Untitled belongs to a group of small-scale works on paper that Twombly created in 1961, in conjunction with a group of larger, equally sumptuous canvases that same year. The 1960s were a prolific decade for Twombly, following his move to Rome from New York in 1957. By 1961, he was permanently settled in the city, renting a studio in Piazza del Biscione near Campo de’ Fiori. The works he created during this year have been described by Kirk Varnedoe as ‘the most impressive, most emotionally wrought works of [his] career’, skilfully reflecting the language, attitude and tempo of the Italian capital (K. Varnedoe, quoted in Cy Twombly: A Retrospective, exh. cat. Museum of Modern Art, New York 1994, pp. 34-35). In Untitled, along with major works like his Ferragosto series (1961), School of Athens (1961) and Triumph of Galatea (1961), Twombly presents an ode to his beloved Italy: a lettera d’amore to his new home.

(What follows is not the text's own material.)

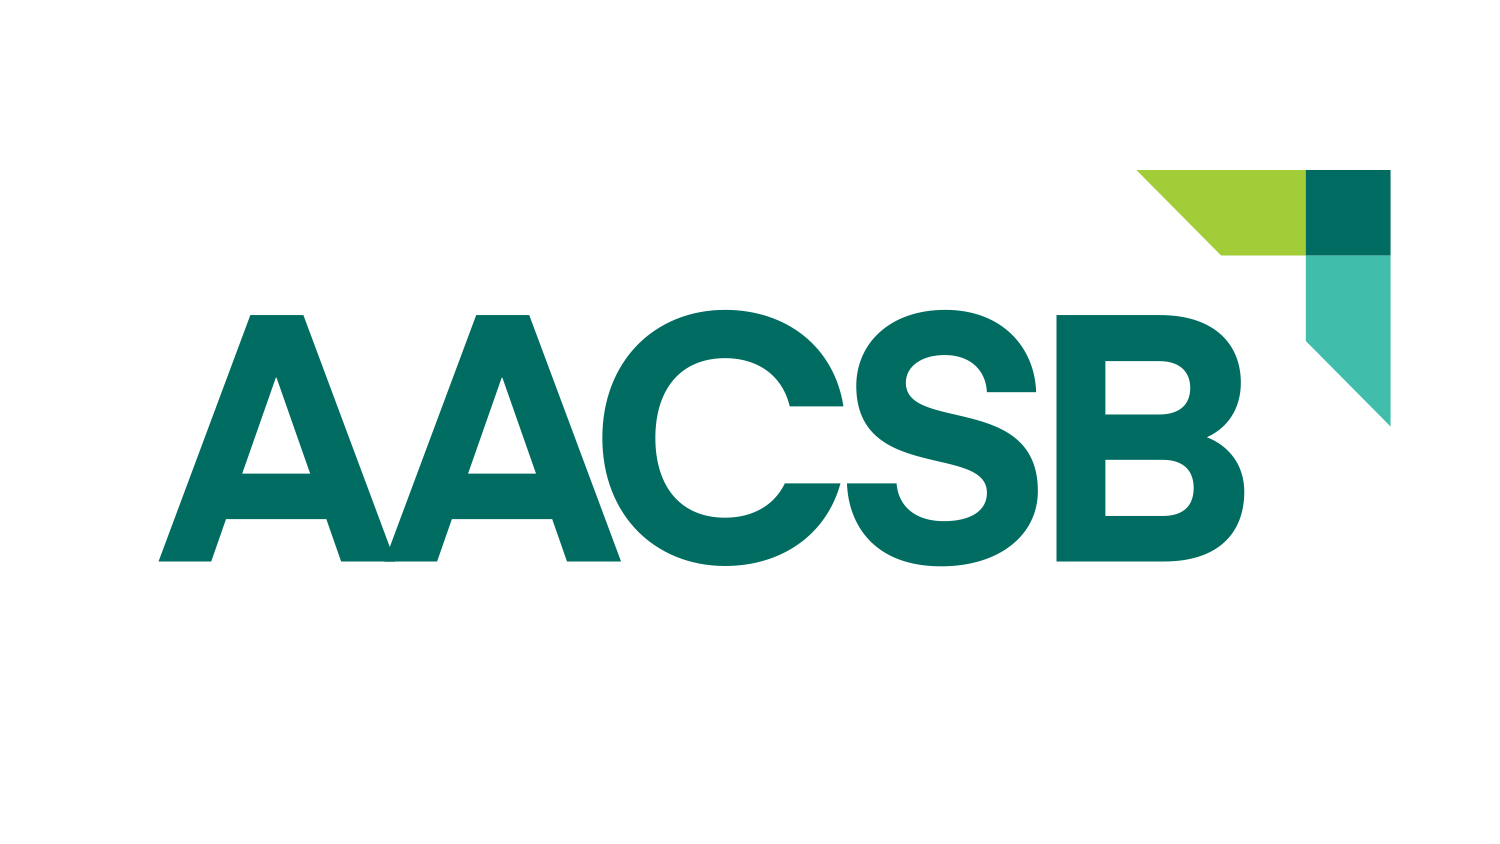 aacsb-corporate-mark-4-hr

Twombly’s practice arose in dialogue with the flourishing of Abstract Expressionism in New York, his surfaces often likened to the action painting of Jackson Pollock and Willem de Kooning. Yet, in contrast to the bold gestures of his contemporaries, Twombly conceived his works as open fields of activity, his delicate, free-floating forms appearing to stretch infinitely beyond the picture plane. This approach can be charted back to his days working as a cryptographer in the army, where in an effort to detach himself from any figurative idioms, he would practice drawing in the dark. The present work can also be likened to Leonardo da Vinci’s Deluge drawings, which he greatly admired. As Roland Barthes has written, ‘One might think that in order to express the character of pencil one has to press it against the paper, to reinforce its appearance, to make it thick, intensely black. Twombly thinks the opposite: it is in holding in check the pressure of matter, in letting it alight almost nonchalantly on the paper so that its grain is a little dispersed, that matter will show its essence and make us certain of its correct name: this is pencil’ (R. Barthes, ‘The Wisdom of Art’, 1979, in N. Del Roscio (ed.), Writings on Cy Twombly, Munich 2002, p. 103).